Using the data that follows, give again word for word the lines between the one holding "TNF Sweatshirt - Small" and the one holding "Interior de la", inclusive. Omit the pictures.

▶ [MATERIALS PROVIDED]
╔══

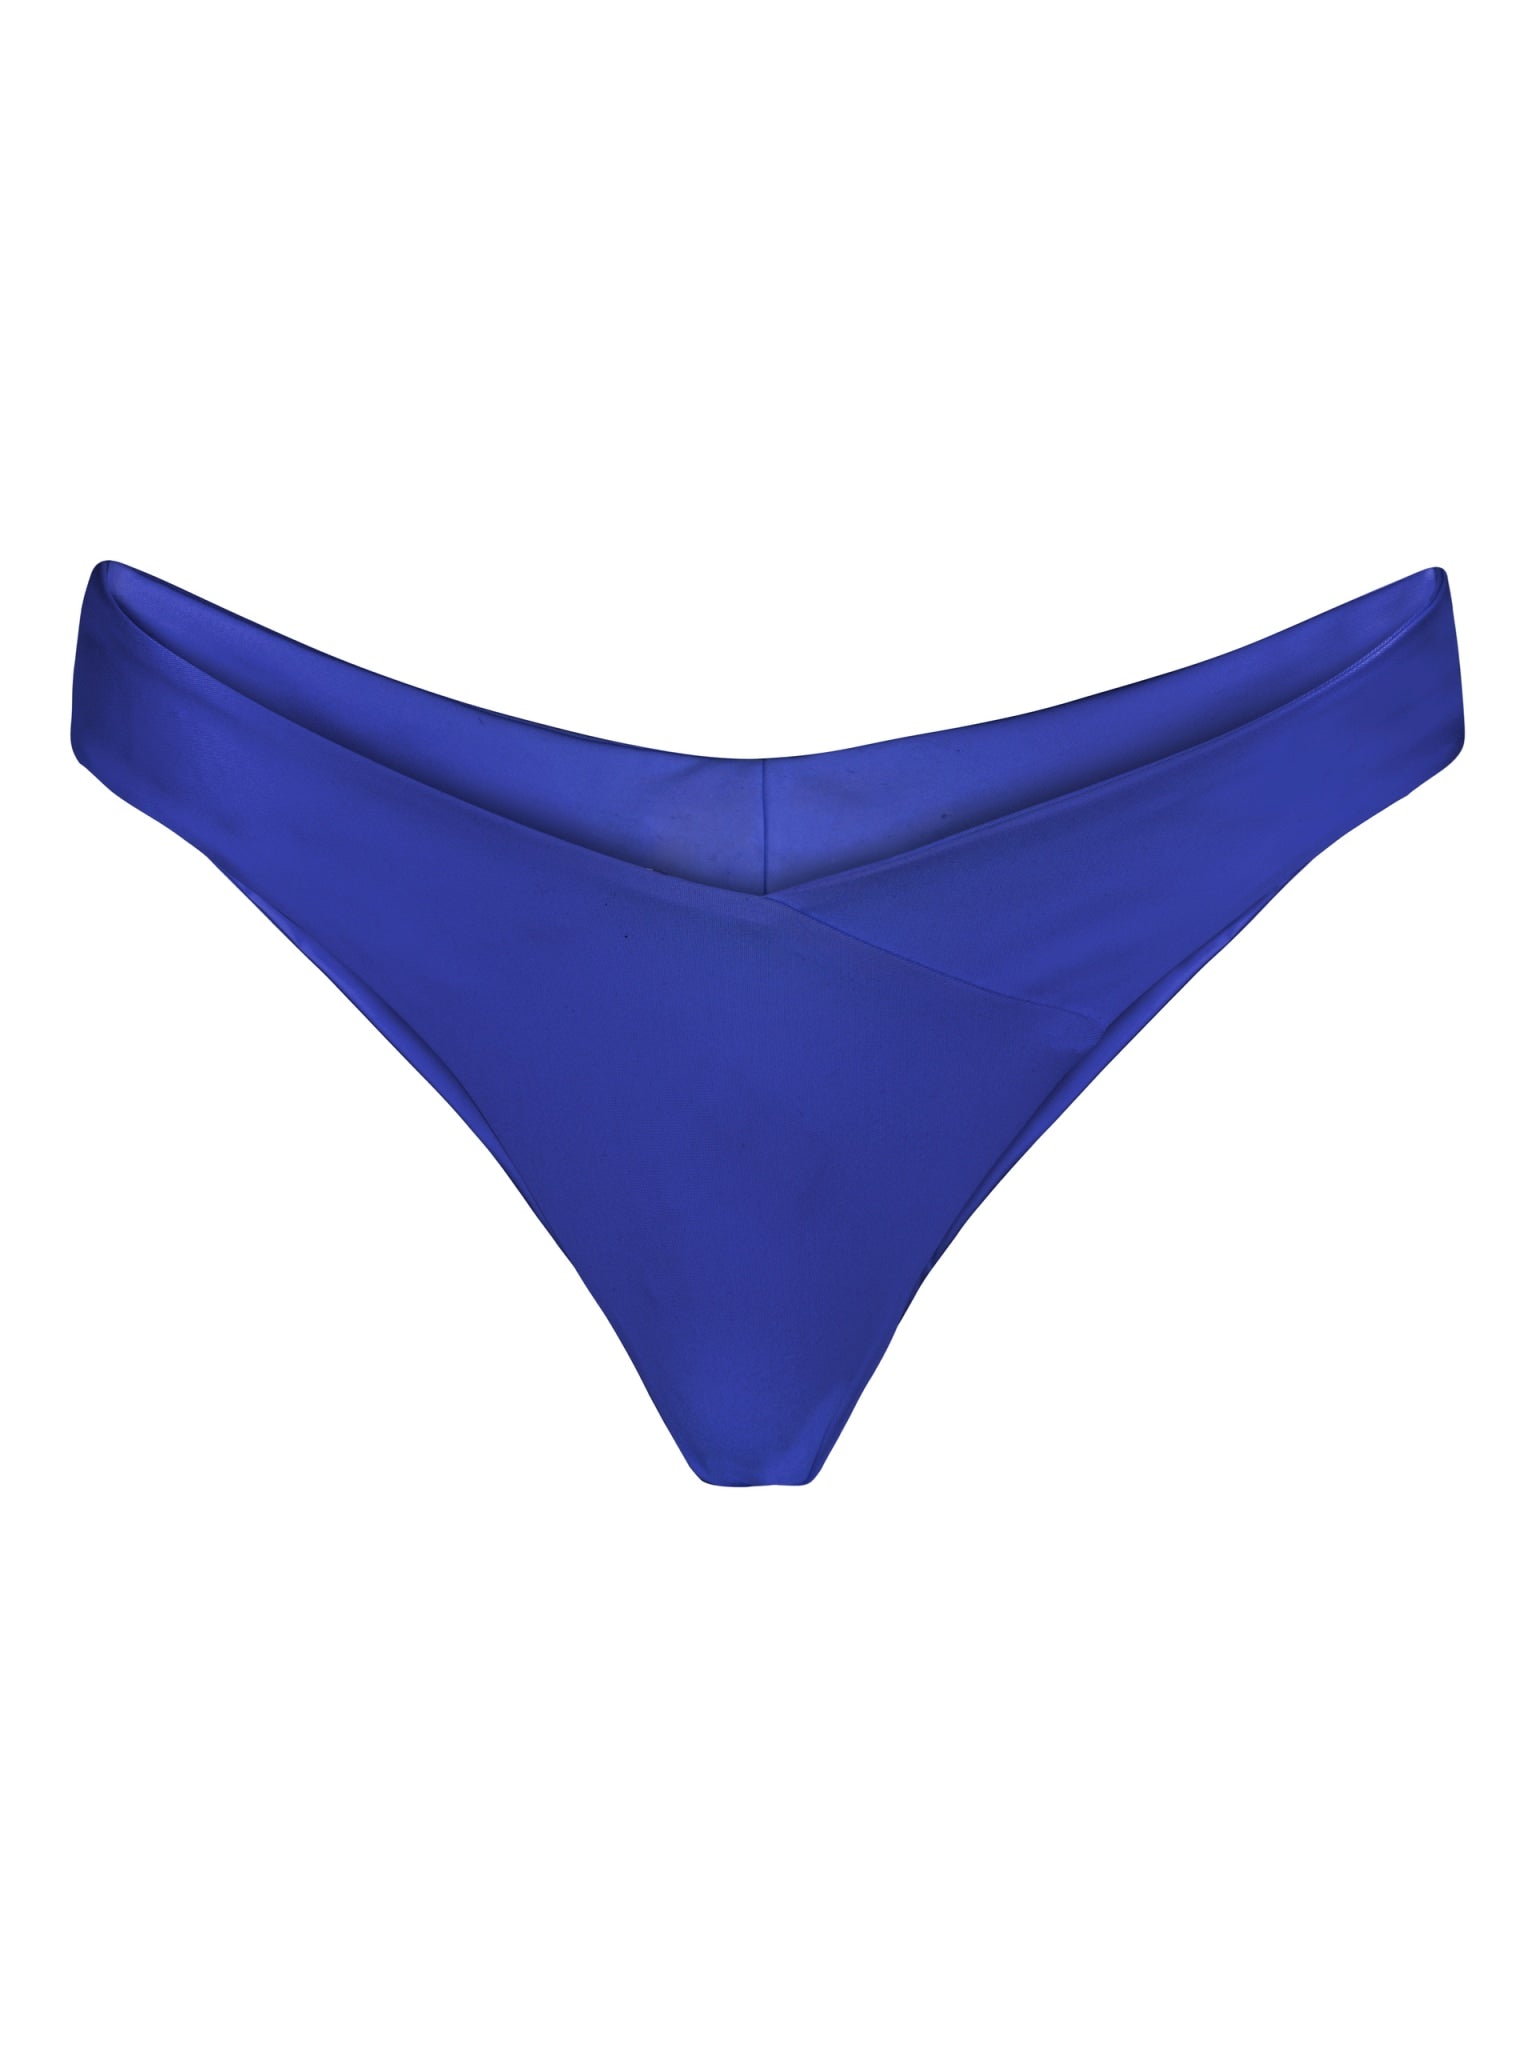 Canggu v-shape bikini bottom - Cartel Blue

╚══
╔══

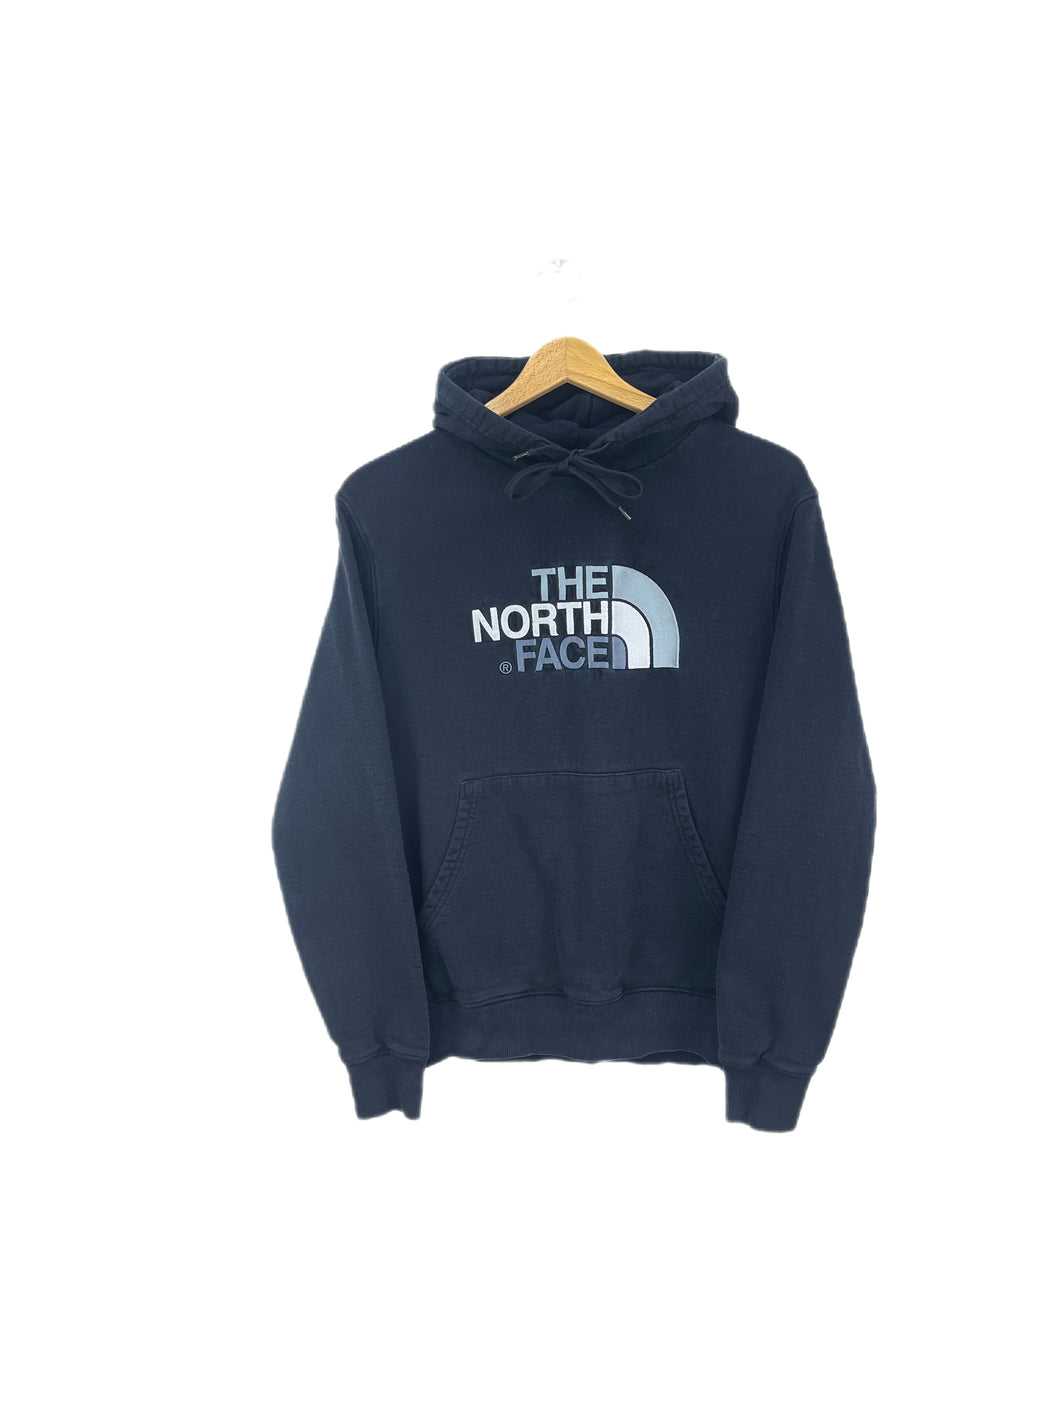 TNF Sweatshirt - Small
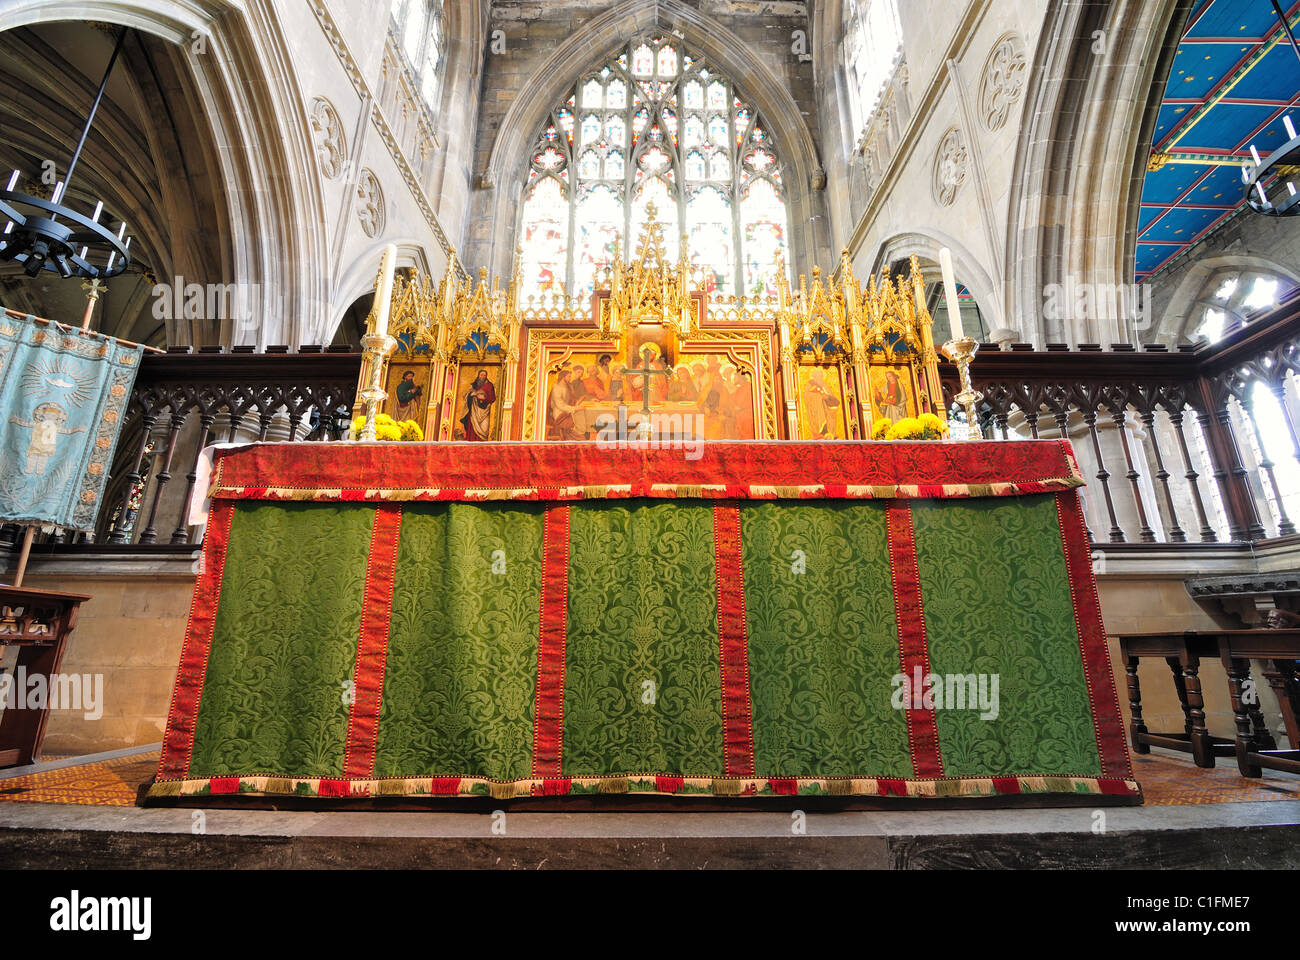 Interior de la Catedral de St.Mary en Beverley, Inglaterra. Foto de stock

╚══

▶ [COMPLETED TASK]
 TNF Sweatshirt - Small
 Interior de la Catedral de St.Mary en Beverley, Inglaterra. Foto de stock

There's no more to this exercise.